In [2]:
import pandas as pd
import numpy as np
from PIL import Image
from sklearn.model_selection import train_test_split
from sklearn.preprocessing import LabelEncoder
import os

In [3]:
md_path = "../data/raw/skin-cancer-mnist-ham10000/HAM10000_metadata.csv"
img_path_p1 = "../data/raw/skin-cancer-mnist-ham10000/HAM10000_images_part_1"
img_path_p2 = "../data/raw/skin-cancer-mnist-ham10000/HAM10000_images_part_2"

In [4]:
md = pd.read_csv(md_path)

In [5]:
# Function to add path column to metadata
def get_image_path(img_id):
    path_p1 = os.path.join(img_path_p1 + f"/{img_id}.jpg")
    path_p2 = os.path.join(img_path_p2 + f"/{img_id}.jpg")

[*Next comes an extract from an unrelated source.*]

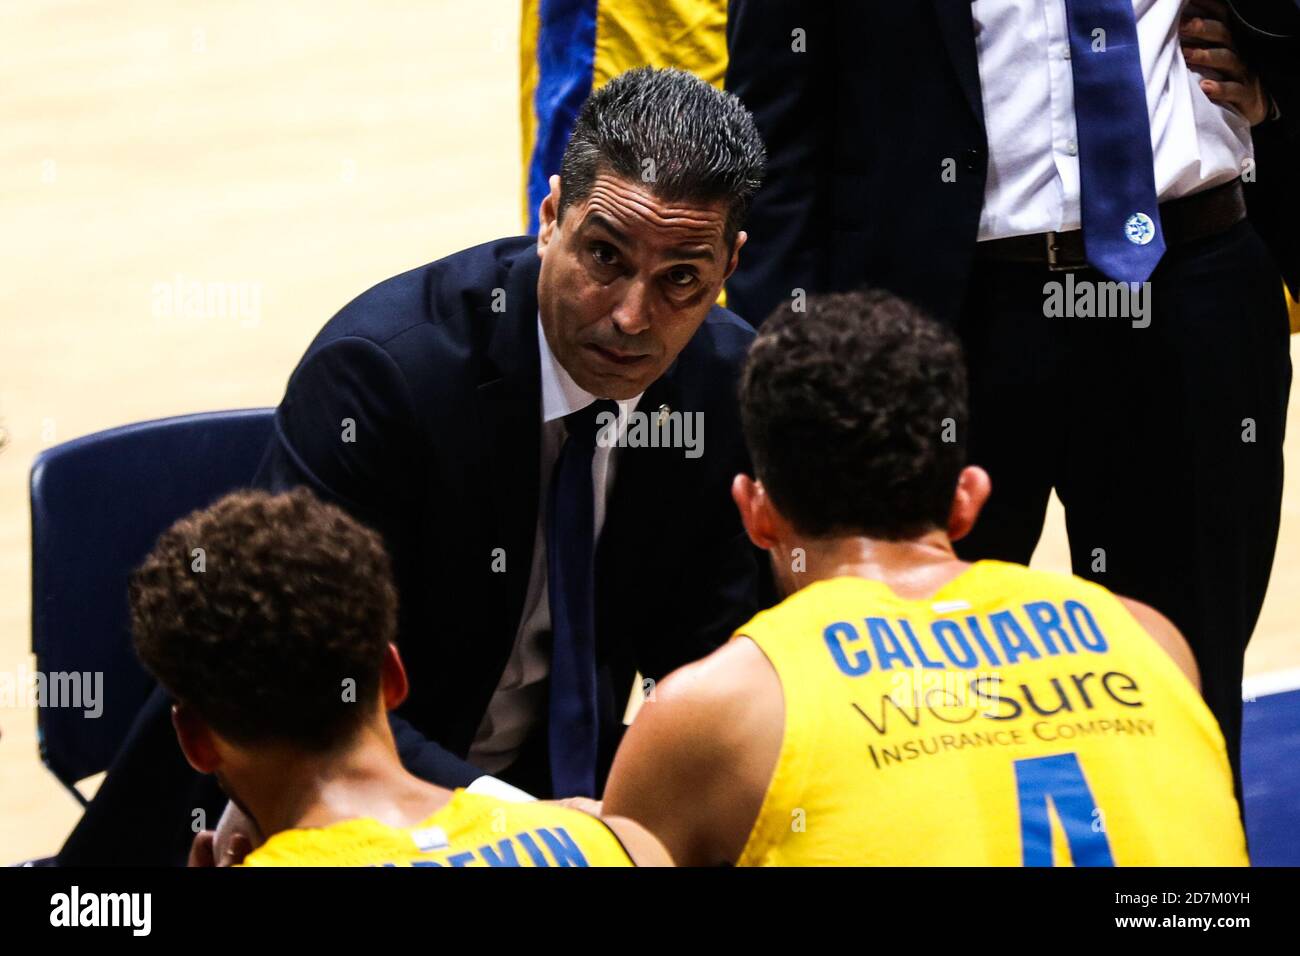 Moscow Region, Russia. 23rd Oct, 2020. Maccabi head coach Ioannis  Sfairopoulos briefs players in the 2020/21 Euroleague Regular Season Round  5 basketball match between Khimki Moscow Region and Maccabi Tel Aviv BC
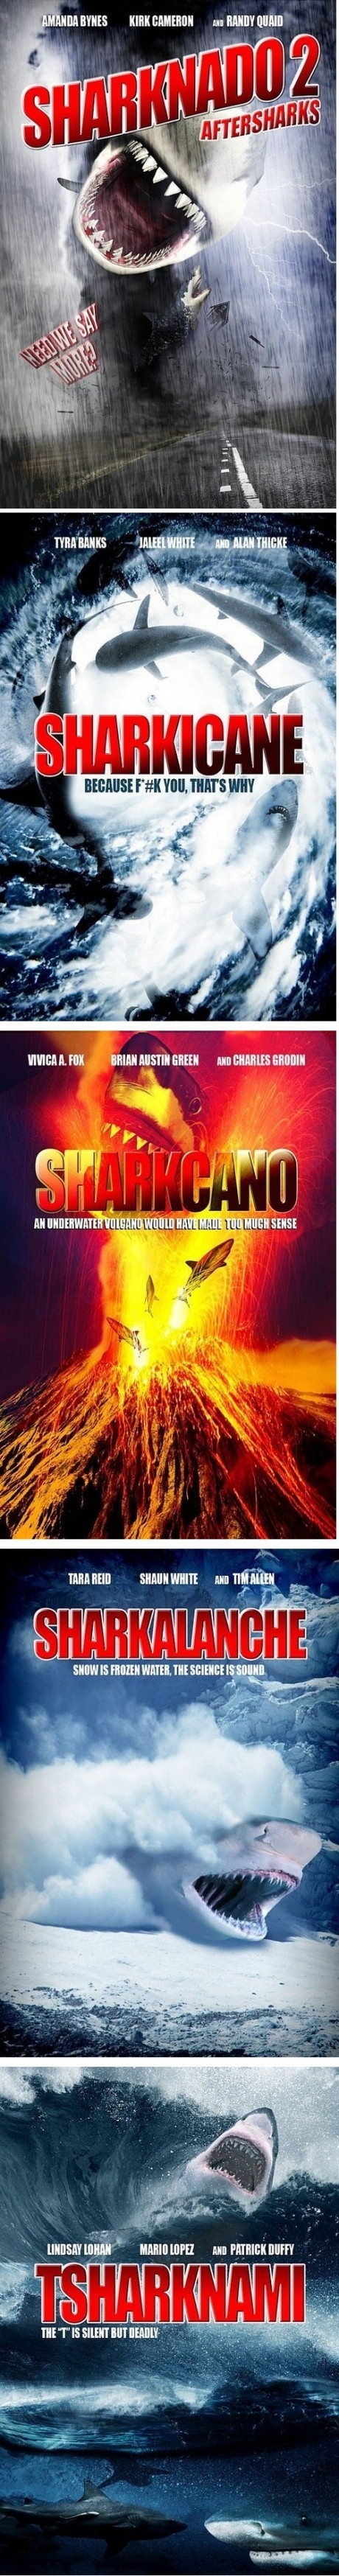 Possible sequels to Sharknado

    if os.path.exists(path_p1):
        # Image in part 1 folder
        return path_p1
    elif os.path.exists(path_p2):
        # Image in part 2 folder
        return path_p2
    
    # Image doesn't exist
    return None

In [6]:
# Apply all image paths to metadata
# and filter any where path wasn't found

md["path"] = md["image_id"].apply(get_image_path)
md.dropna(subset=["path"], inplace=True)

print(md.head()["path"])

0    ../data/raw/skin-cancer-mnist-ham10000/HAM1000...
1    ../data/raw/skin-cancer-mnist-ham10000/HAM1000...
2    ../data/raw/skin-cancer-mnist-ham10000/HAM1000...
3    ../data/raw/skin-cancer-mnist-ham10000/HAM1000...
4    ../data/raw/skin-cancer-mnist-ham10000/HAM1000...
Name: path, dtype: object


In [7]:
# Load and preprocess images
images = []
img_size = 128

for path in md["path"]:
    img = Image.open(path)
    img = img.resize((img_size, img_size)) # Make image square
    images.append(np.array(img))

images = np.array(images)

In [8]:
# Encode the disease labels into numerical format
le = LabelEncoder()
md["label_numeric"] = le.fit_transform(md["dx"])
print(set(md["label_numeric"]))

# All labels in a numpy array
labels = md["label_numeric"].values


{0, 1, 2, 3, 4, 5, 6}


For the Train-Test split I will use a 70-15-15 split, 70% for train split, 15% for validation and 15% for test.

stratify parameter will address the imbalance problem of this dataset as it will ensure that the proportion of each class in the split is the same as the original dataset.

In [9]:
# Split Train to 70 and Temp (val + test) to 30
x_train, x_temp, y_train, y_temp = train_test_split(
    images,
    labels,
    test_size=0.3,
    random_state = 37, # Set for reproducibility and testing
    stratify = labels
)

# Split Temp (30) to Validation (15) and Testing (15)
x_val, x_test, y_val, y_test = train_test_split(
    x_temp,
    y_temp,
    test_size = 0.5,
    random_state = 37,
    stratify = y_temp 
)

In [10]:
print(x_train.shape)
print(x_val.shape)
print(x_test.shape)

(7010, 128, 128, 3)
(1502, 128, 128, 3)
(1503, 128, 128, 3)


Considering the dataset comprises of ~10,000 images, these numbers indicate the dataset has been split correctly.

~7000 = 70% Train

~1500 = 15% Validate

~1500 = 15% Test

In [16]:
# Save preprocessed data
num_classes = len(set(md["dx"]))
print("Saving preprocessed data...")
np.save("../data/processed/x_train.npy", x_train)
np.save("../data/processed/y_train.npy", y_train)
np.save("../data/processed/x_val.npy", x_val)
np.save("../data/processed/y_val.npy", y_val)
np.save("../data/processed/x_test.npy", x_test)
np.save("../data/processed/y_test.npy", y_test)
print("Preprocessed data successfully saved.")



Saving preprocessed data...
Preprocessed data successfully saved.